Nello scavo l’archeologo compie generalmente una serie di operazioni che
possono essere sintetizzate come segue:
1) L’archeologo individua lo strato, o unità stratigrafica, da scavare
come quello più recente. Lo strato di terreno oggetto di scavo deve cioè
coprire altri strati e non essere coperto da niente.
Per individuare lo strato da scavare occorre che l’area di scavo sia pulita. La
pulizia va eseguita con la trowel, una cazzuola di acciaio appuntita, con
spazzole, palette e anche, se necessario, con l’aiuto di un aspiratore.

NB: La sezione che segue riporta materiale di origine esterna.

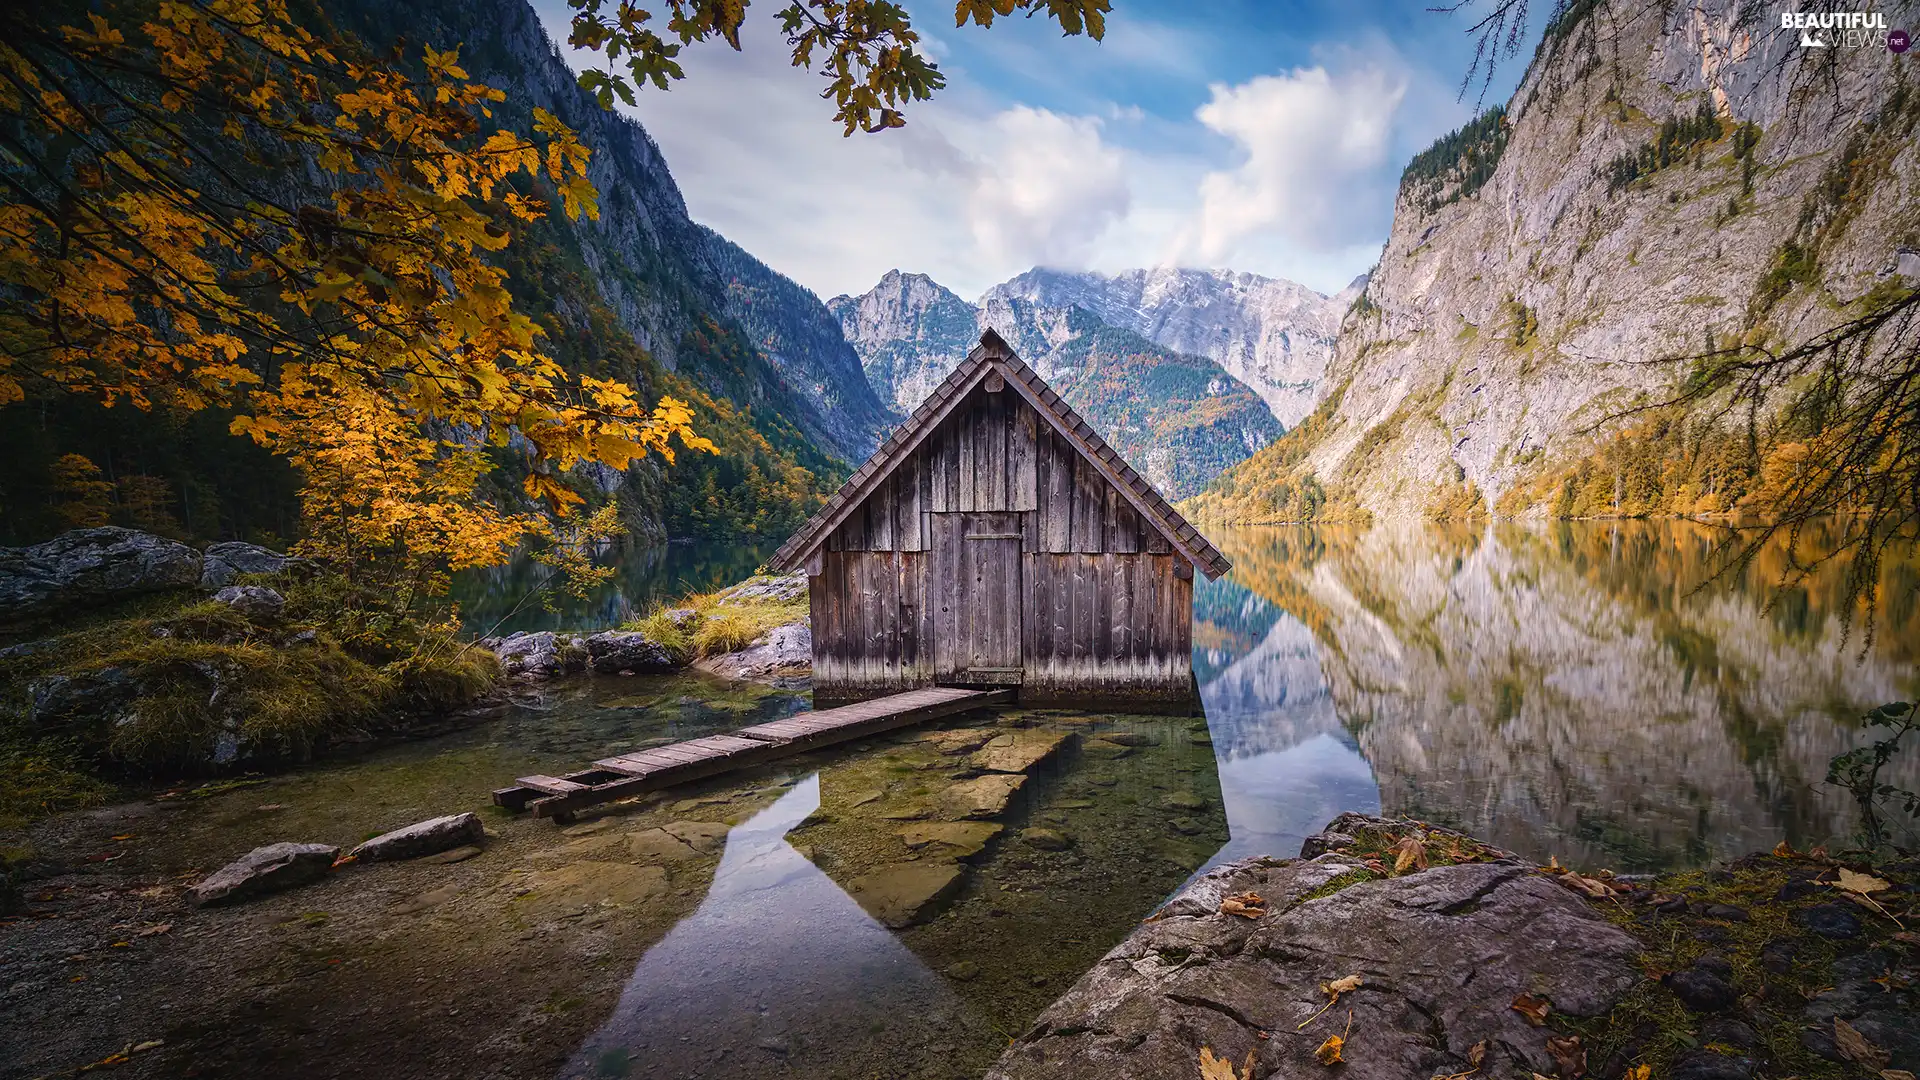 viewes, trees, Wooden, Obersee Lake, house, cottage, Alps Mountains, Germany, autumn, Stones, Berchtesgaden National Park, Bavaria

2) L’archeologo definisce l’estensione dello strato da scavare e i suoi
rapporti con gli strati vicini.
3) L’archeologo documenta lo strato da scavare tramite una pianta e
una fotografia (a colori o in bianco e nero) e assegna allo strato un
numero di riferimento.
La pianta viene generalmente eseguita in scala 1:20.
7
La fotografia riporta sempre alcuni strumenti di riferimento: un metro, una
freccia che indica il Nord geografico, una piccola lavagna in cui sono scritti
l’anno dello scavo, il nome del settore in cui ci si trova e quello dell’unità
stratigrafica che si sta fotografando.
Sia le piante sia le fotografie vengono registrate in appositi registri presenti
sullo scavo.
4) L’archeologo procede nello scavo. In questa operazione può essere
aiutato dagli operai che lavorano sul cantiere. Scavando in profondità è
necessario proteggersi la testa con un casco.
Gli strumenti che l’archeologo impiega per rimuovere il terreno cambiano a
seconda delle caratteristiche della unità stratigrafica da asportare.
- La cazzuola inglese o trowel si usa per strati di terreno sottili e incoerenti: lo
strumento permette infatti di agire con precisione. In questo caso l’archeologo
lavora in ginocchio. Esistono trowel di varie misure, ma quella maggiormente
usata è quella lunga cm 10. La trowel si usa anche per pulire i muri.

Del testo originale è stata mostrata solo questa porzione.